The conference brought together about 20 experts to discuss the impact, and potential difficulties, of incorporating empiricism into scholarship on these and other constitutional issues. The organizers deliberately kept the group small — mostly empiricists and constitutional law scholars — to foster in-depth, engaging debates rather than focusing on presentations for a more general audience.

“The challenge,” Stone said after the conference, “is to find a way to make empirical data both sufficiently definitive and sufficiently understandable to make it useful to judges. What they naturally worry about is that they will rely on data that later turns out to be wrong.”

Effective communication emerged as an issue early in the discussions, with panelists noting that empirical results present challenges because they can often be interpreted in more than one way.

For example, Epstein said, different advocacy groups examining death penalty cases might look at how many states handle something in a particular way.

“There are facts there — look at the state law and see. But then they’ll debate, what is the proper denominator?” Epstein said. “Is the denominator the states that have the death penalty? Or all states? And that, of course, changes the fraction. They’ll take a fact and then find a way to parse it to support their case.”

Richard A. Posner, Senior Lecturer in Law and a judge on the Seventh Circuit Court of Appeals, devoted a lunchtime keynote to discussing how judges might receive and view empirical research.

“It is important to be realistic about judges because otherwise you won’t know how to communicate with them and make your empirical findings usable by judges,” Posner said. “Judges are influenced by facts, but of course only facts they understand. They don’t know how to evaluate statistical or otherwise systematic empirical work. Or to be more precise, they don’t know how to extract fact or truth from social scientific research.”
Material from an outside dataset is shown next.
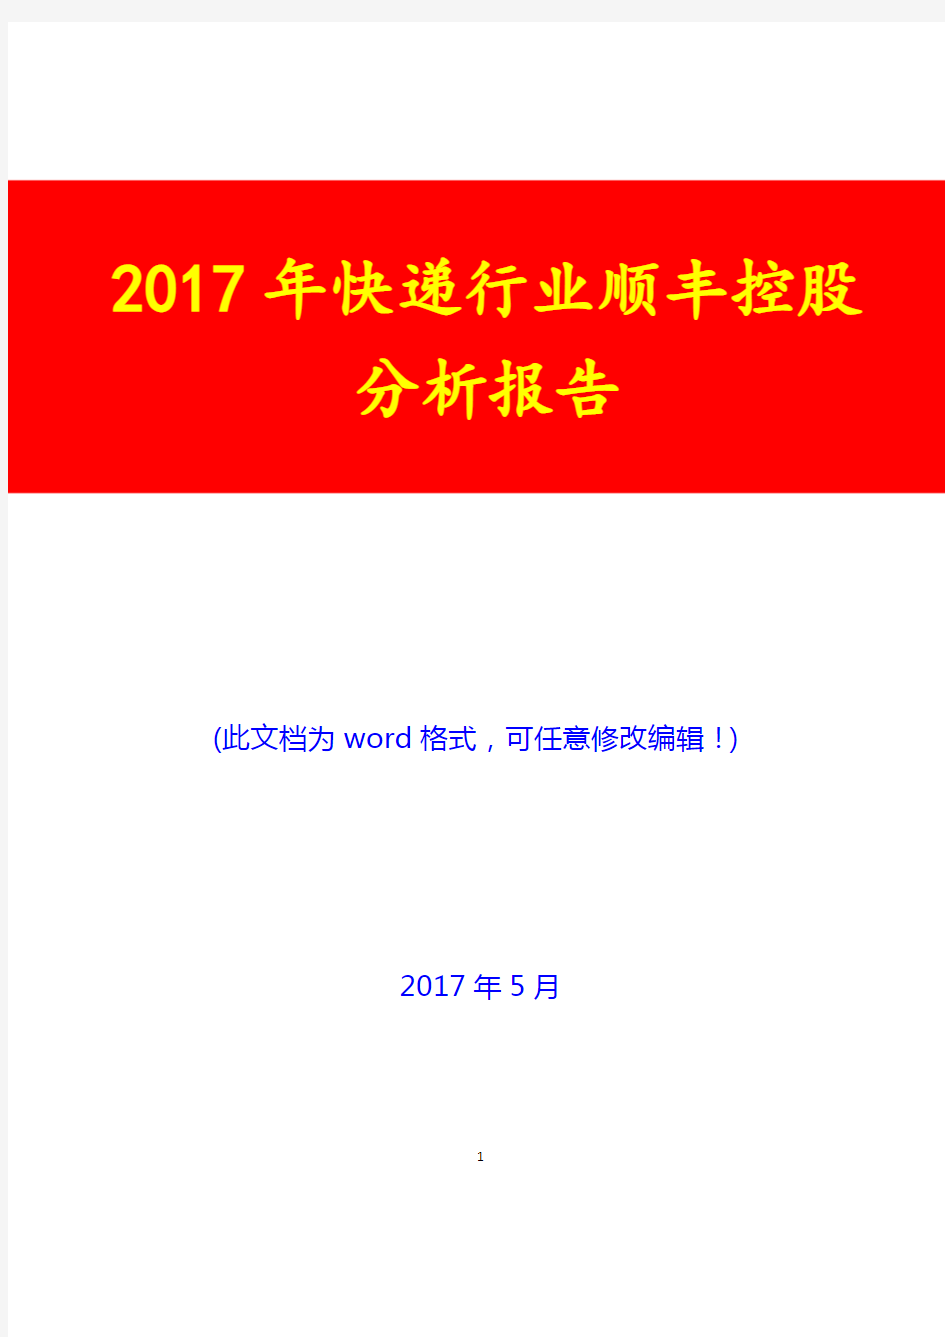 2017年快递行业顺丰控股分析报告

He added, though, that should a case hinge on empirical evidence a judge could request a supplemental brief explaining the work.

Some argued that empirical data was more likely to be used to support, rather than inform and guide, a decision.

“The premise that underlies a lot of what we’re talking about is that the justices might follow the data, when in fact what they do is come to a conclusion and then gather up what data supports that,” said Lecturer in Law Adam Liptak, who covers the U.S. Supreme Court for the New York Times. “The figure of speech I like to think about is they treat data as a drunk treats a lamp post — not for illumination, but for support.”

For the organizers, the discussions represented an important first step. 

“This conference began what will be a long and complex process of translating empirical data into constitutional analysis,” Stone said. “We brought together first-rate constitutional scholars with first-rate empiricists. We’ll see what they come up with.”